▸ **WHAT YOU ARE ASKED TO DO**
Print only the lines running from the line with "中国计算机学会通讯—普适计算" to the final line below, both included, exactly as written and without the pictures.

▸ **DATASET EXCERPT**

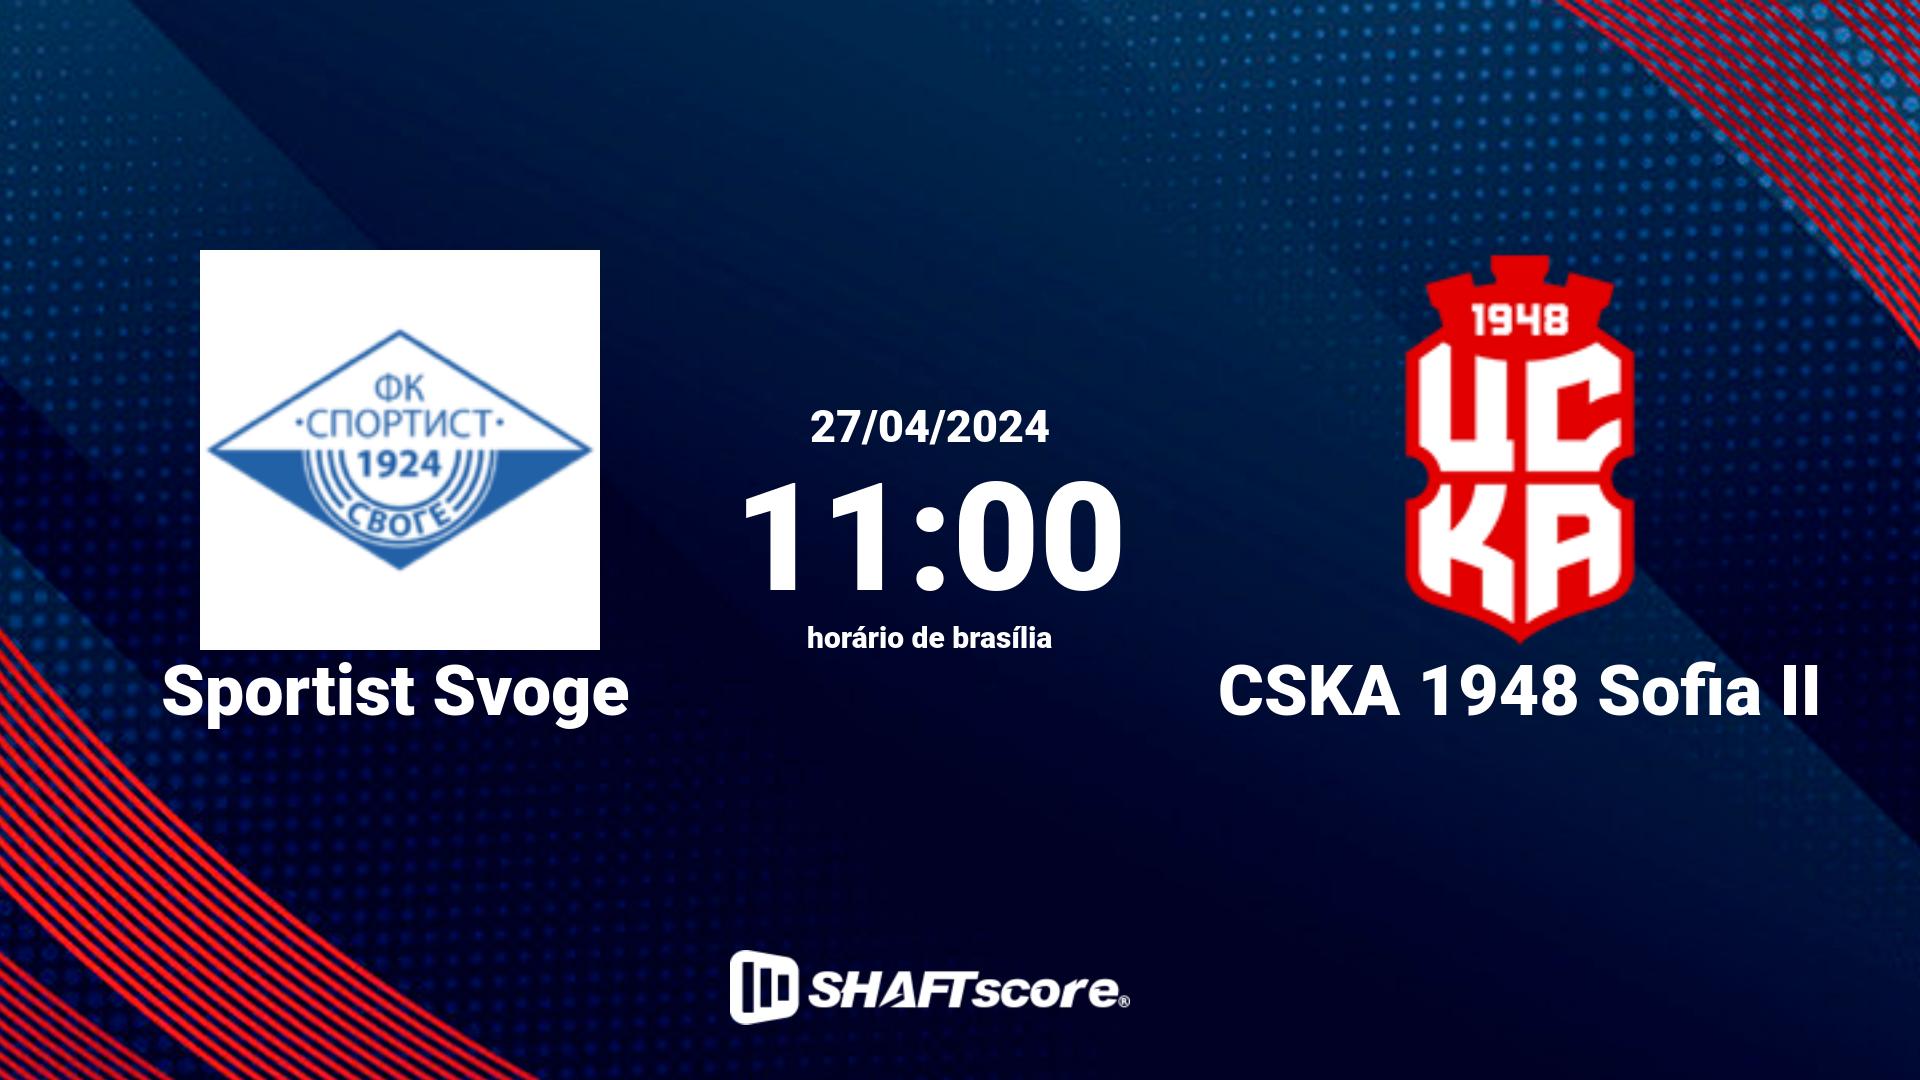 Estatísticas do jogo Sportist Svoge vs CSKA 1948 Sofia II 27.04 11:00
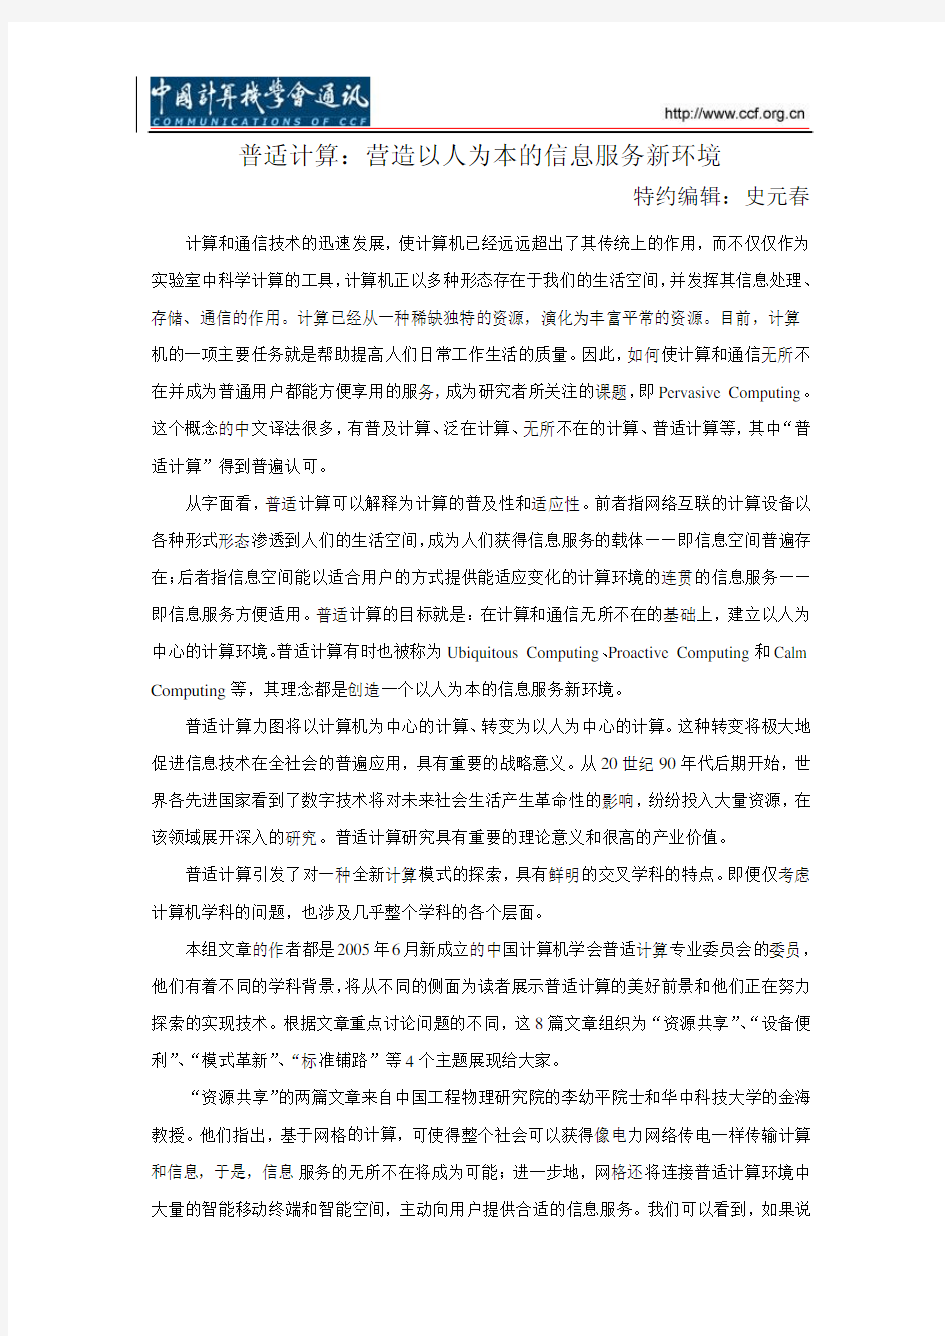 中国计算机学会通讯—普适计算
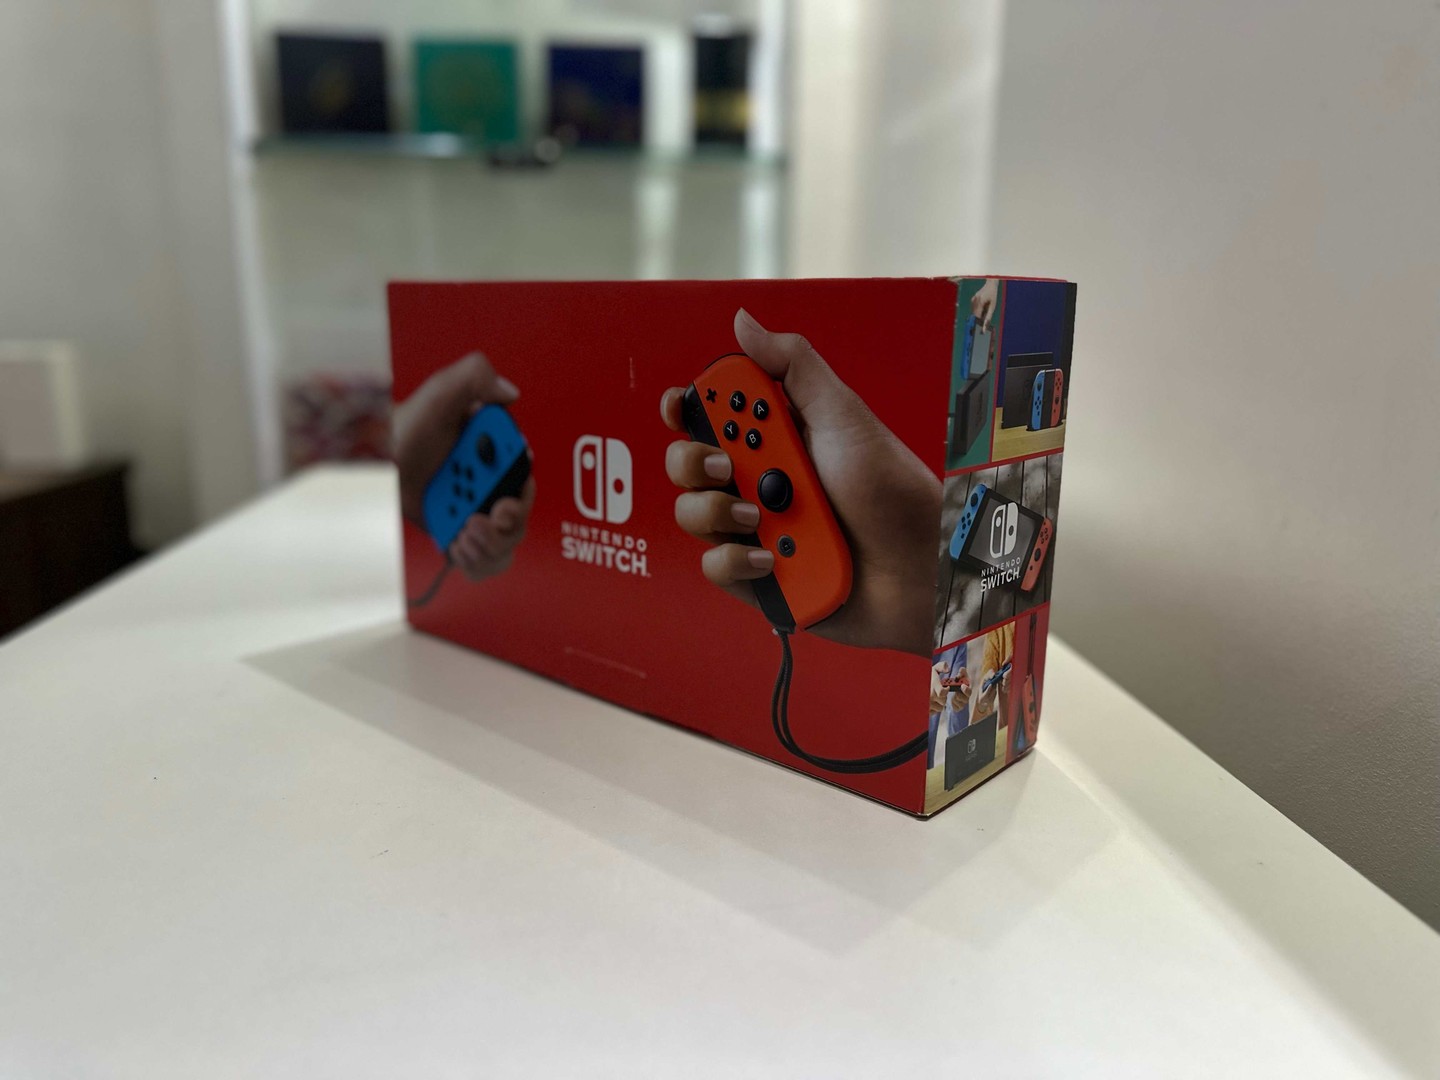 consolas y videojuegos - Nintendo Switch v2 Nuevo Sellado en Caja, + Accesorios, Garantía RD$ 16,300 NEG 1

▸ **SOLUTION FOR THIS PROBLEM**
 中国计算机学会通讯—普适计算
 consolas y videojuegos - Nintendo Switch v2 Nuevo Sellado en Caja, + Accesorios, Garantía RD$ 16,300 NEG 1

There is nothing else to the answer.